Но все оказалось гораздо сложнее, чем мы думали. Как только мы посвятили маму в наши планы, она прямо ахнула. Она сказала:

— Ни за что.

— Почему?

— Это не реально.

Дальше мама распространяться не стала. Не реально — и точка, хоть умри. Как только это мама сказала, наша великолепная идея, словно магнит железные опилки, собрала вокруг себя десятки, сотни препятствий. Они прямо облепили нашу идею и ни за что не хотели отдираться. Еще бы чуть — и идея благополучно скончалась, не будь на свете моего папы, вернее, его большого желания помочь нам. Папа спросил:

— Ты боишься за Катю?

— Да, — сказала мама.

— Но с ними будет Маруся. Ты ей веришь?

— Доверяю, но…

— Думаешь, других детей не отпустят?

— Думаю…

— Думать — всегда полезно.

— Уверена! — сказала мама сердито.

Она закипала. В таком состоянии она и пошла в наступление:

— Предположим, я доверяю Марии Алексеевне, предположим, других детей отпустят. На каком самолете они полетят? На грузовом? Как селедка в ящиках?

— Если хочешь — в бочках!

Я видела, как смешно стало маме, но она ни за что не хотела смеяться. Она просто вышла из комнаты, громко хлопнула дверью.

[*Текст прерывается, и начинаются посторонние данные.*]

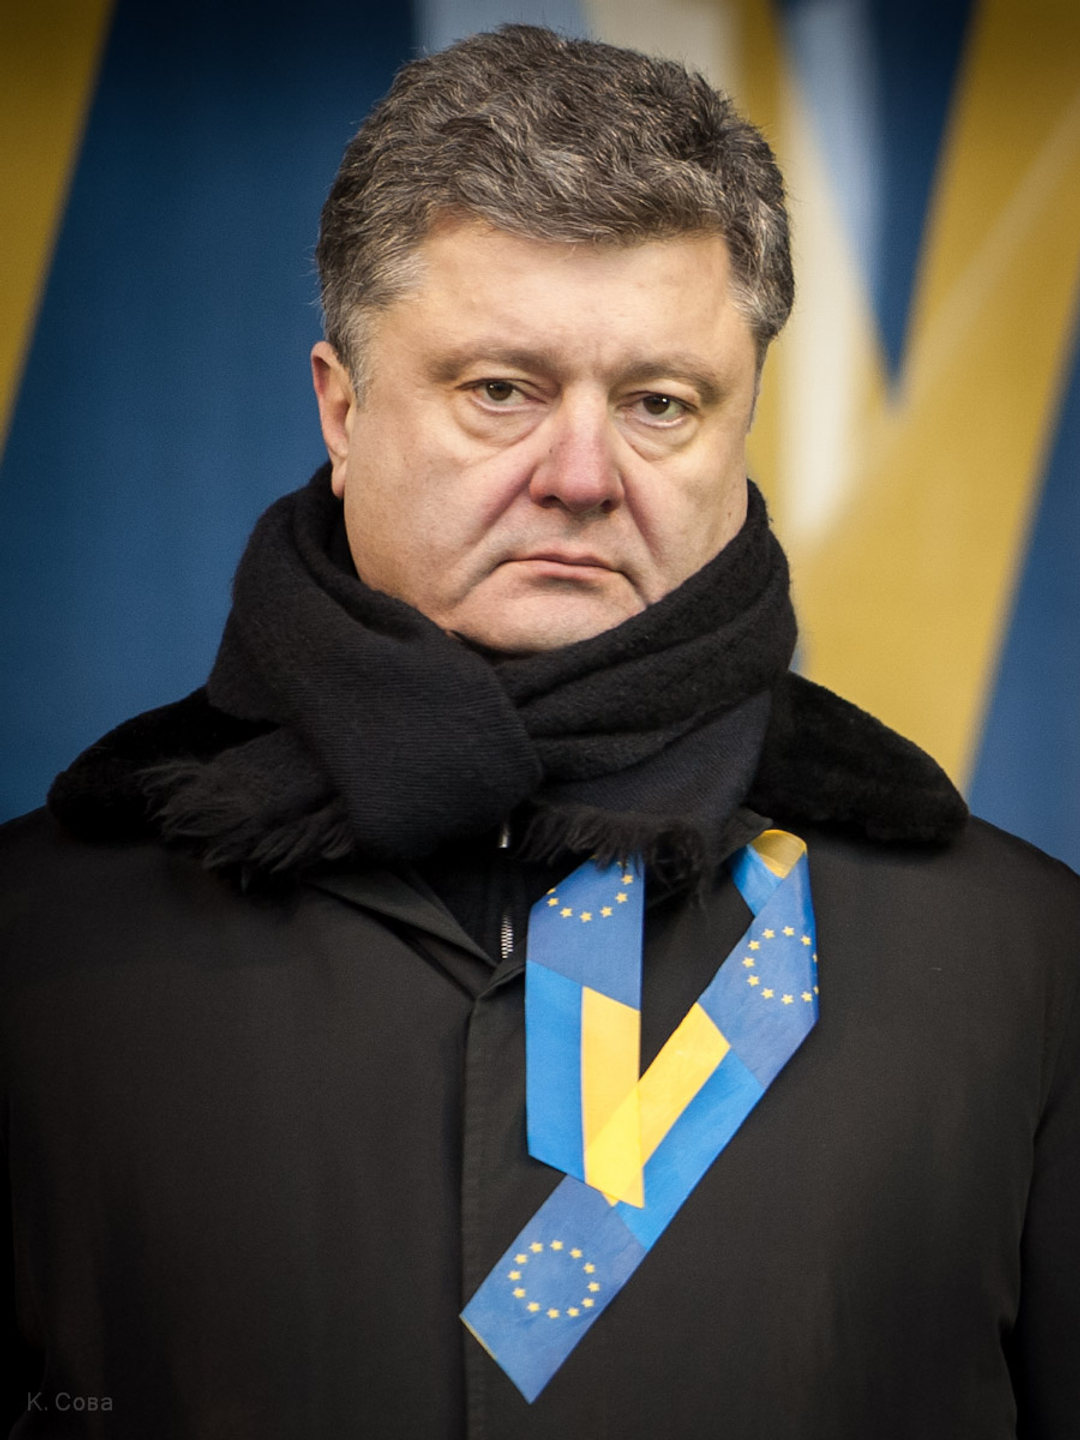 Petro Poroshenko in real life

Папа радостно потер руки и сказал:

— Чуешь, Катя, победа — за нами!

Но мне совсем не было весело. Я сказала:

— Если и у других такие баталии будут дома, ничего хорошего не выйдет.

У других тоже были, но полегче. Правда, некоторых вообще не пустили — например, Клару, Бедную Лизу, Коляна; Серега Непомнящий заболел, Маленький Рац отказался из-за очередного сногсшибательного транзистора, который пока еще сидел у него в голове в виде бесформенной идеи. Юрка сказал мне, что без папы не поедет.

— Ну и пожалуйста, на здоровье, а мы — ту-ту! — сказал Ленька.

Но в последний момент Юрка все-таки изменил свое решение и присоединился к нам.

Маруся, как мы и предполагали, была в диком восторге от нашей идеи. Наконец охи и ахи кончились, и мы пятеро смелых: я, Лариска, Ленька, Юрка и Маруся, — уселись в грузовой самолет, мои родители помахали нам ручкой, и мы оторвались от земли.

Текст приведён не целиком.